Luis Martinez. Chercheur et politologue, spécialiste de
l’Algérie
Luis Martinez est directeur de recherche au Centre d’études
et de recherches internationales (CERI) de Sciences-po Paris. Fin connaisseur
du Maghreb et de l’Algérie, il a récemment codirigé un ouvrage collectif en
anglais intitulé Algeria Modern : From Opacity to Complexity (Algérie moderne :
de l’opacité à la complexité). En
attendant l’édition française de ce livre précieux, M. Martinez a accepté de
répondre à nos questions sur la situation politique du pays.

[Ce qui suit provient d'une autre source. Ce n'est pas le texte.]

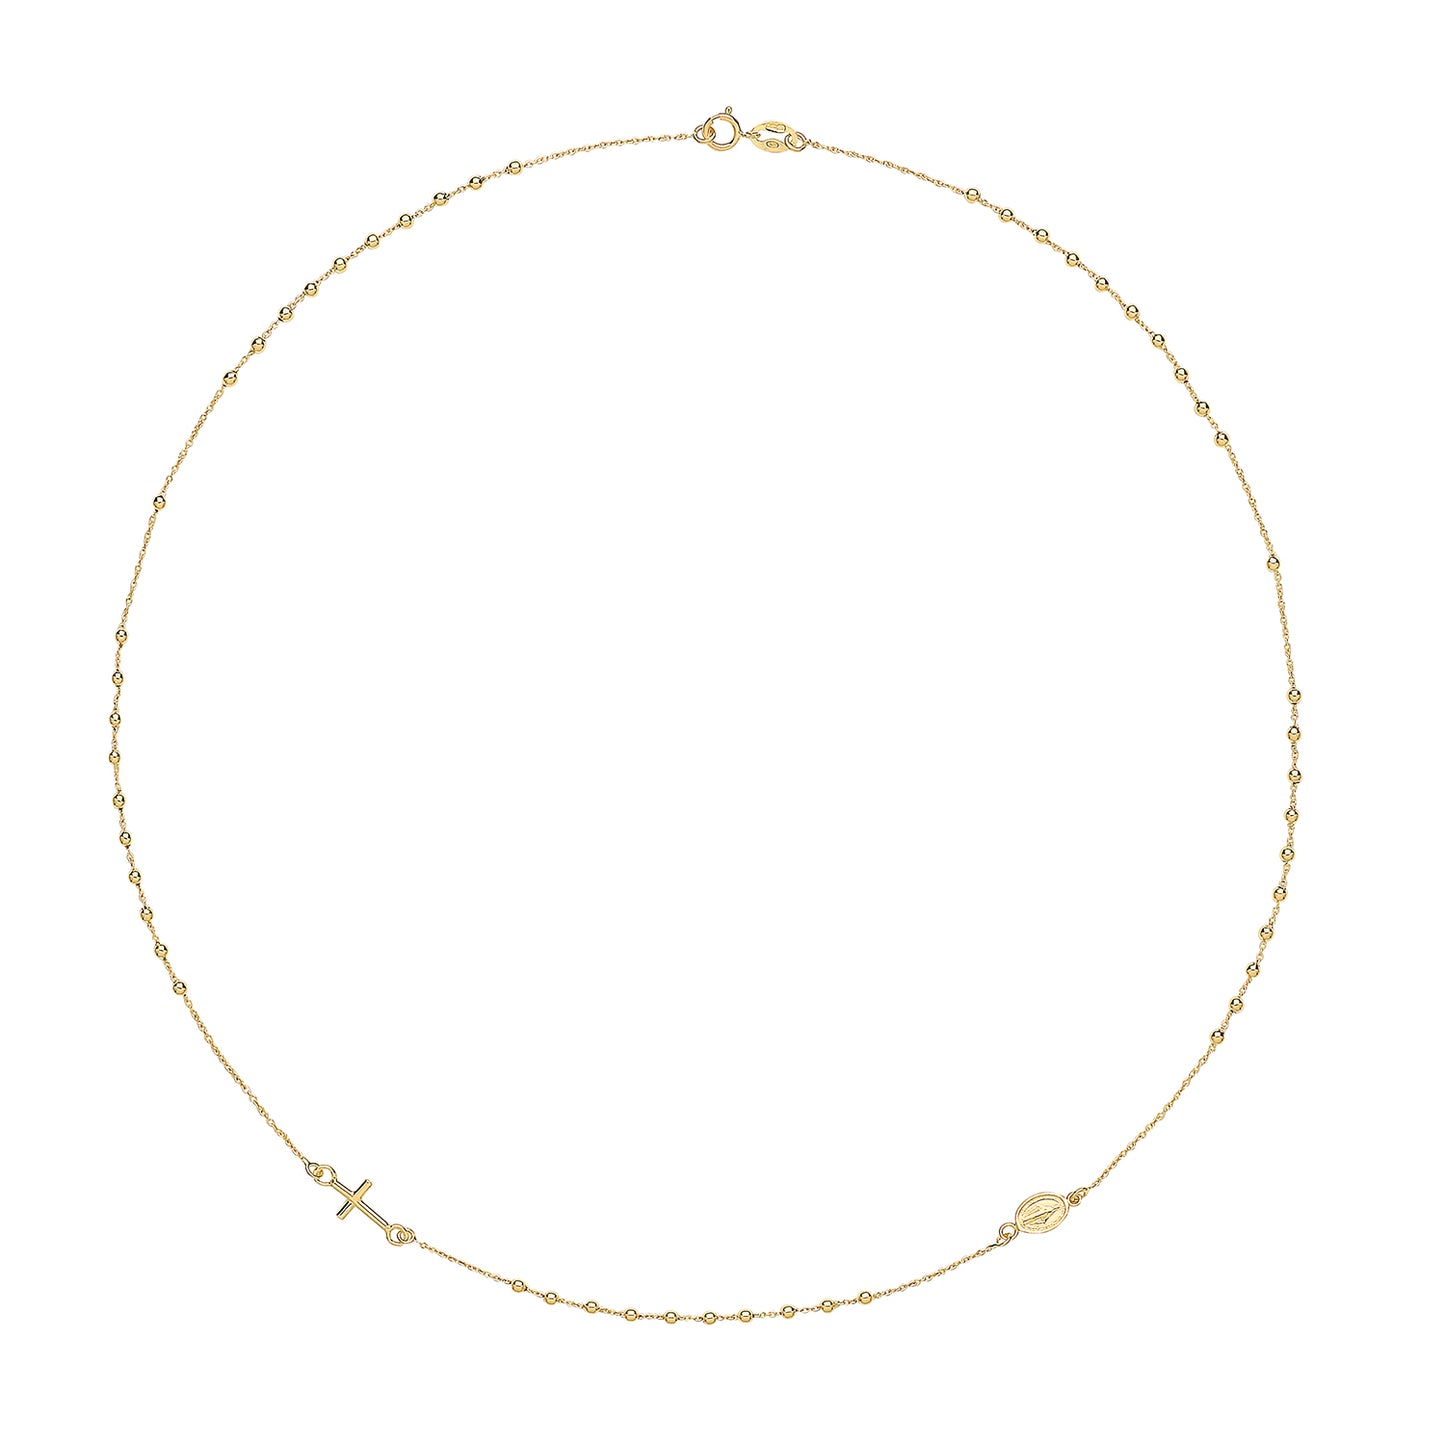 9ct Gold Rosary Necklace - John Ross Jewellers

Dans le dernier livre collectif auquel vous avez contribué,
vous évoquez l’opacité et la complexité du pouvoir en Algérie qui rendent
invisibles les vrais décideurs, notamment à cause de l’implication des
militaires et des services de sécurité. Cela tend-il à changer depuis la
quasi-décapitation du DRS ?
Nous avons essayé d’analyser la situation actuelle en
Algérie en montrant les transformations opérées sous la présidence de
Bouteflika. On est passé du leadership du DRS à celui des groupes d’intérêt
concernant tous les secteurs, allant de l’économie à la politique en passant
par la sécurité. Les personnes qui les constituent ne fonctionnent pas avec une
logique de clans et encore moins idéologique. Ils défendent surtout leurs
intérêts.
L’opacité de l’Algérie s’expliquait par le rôle politique de
ses services de sécurité. Avec ces groupes d’intérêt, l’Algérie est plus
complexe à comprendre. De nouveaux acteurs ont émergé, comme le Forum algérien
des chefs d’entreprise (FCE). Ces acteurs constituent des lobbies très
importants et participent à la décision politique. En fait, l’Algérie se
modernise. Mais elle sort de l’emprise simpliste et opaque des services de
sécurité pour entrer dans la complexité.
- Dans ce contexte, comment voyez-vous l’après-Bouteflika ?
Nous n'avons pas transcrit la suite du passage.